@WolfBrother,
@theprincipal, chill with the personal stuff. Stay on topic.
I've engaged in no straw-man argument.
You made a claim.
I provided a rebuttal that your claim does not fully encompass the entirety of the movement.
You asked for an example of the movement that extends passed birth.
I provided a specific example that clearly refuted your belief that pro-life is solely confined to births.
You ignored it and later claimed it to be without evidence. Since the case was nationally known and widely argued, the evidence is available and sound.
You persisted with "they should fight for causes that are promoting life consistently", which I already revealed to be the case, and provided the Catholic church as one such entity, being against the practice of euthanasia (
link).
Again, you dismiss and persist without any substantive counterpoint being made. Just accusations against the general term "pro-life".
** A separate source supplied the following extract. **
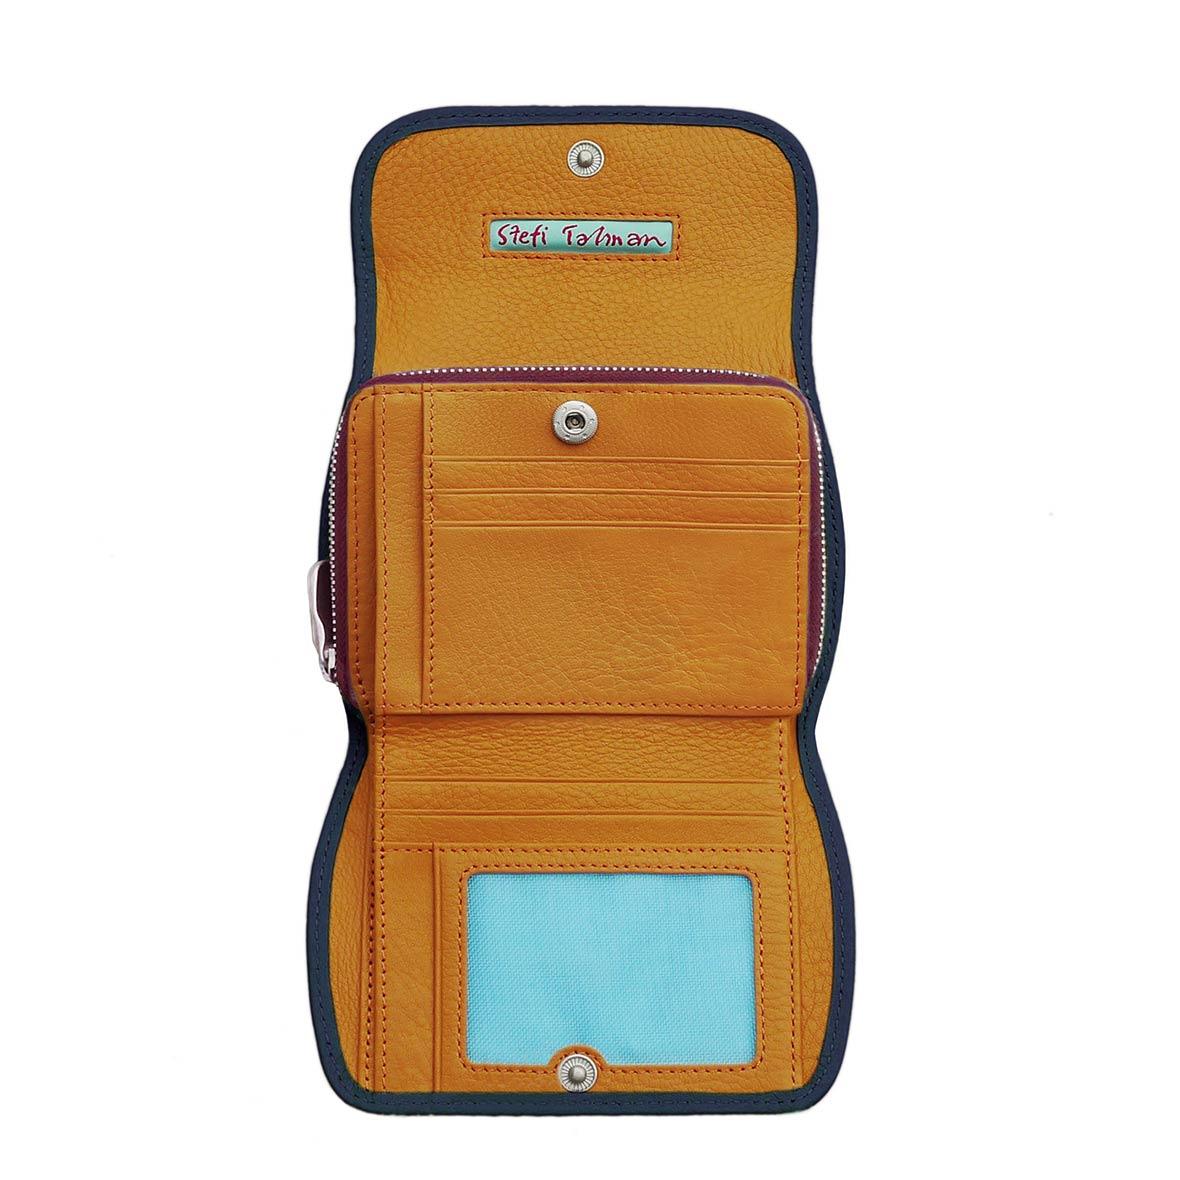 Portemonnaie CLAM 172 - Farbe rubin - innen orange - Bordüre marine

We can agree that there are specific organizations which are pro-life, and solely focus on the birth of babies.
But you made a generalization about a broad term, which is easy to defeat and has been.
If you wish to continue to argue your point, the onus is on you to prove that
all so-called "pro-life" movements are solely and completely confined to the realm of births.
Since I've already provided an argument on behalf of the Catholic church, this endeavor will be impossible. But you're free to try.
No straw man. But I do expect more effort than simple dismissal because you don't like the facts presented.
I will concede that the organizations which are specifically focused on births could be called "anti-abortion".
But you would have to make an extremely strong argument for why their opponents are not then rightly called "pro-abortion". Of the three(at minimum) humans involved in a pregnancy, two(or more) of them don't get any "choice", so that descriptor is an intellectual red herring.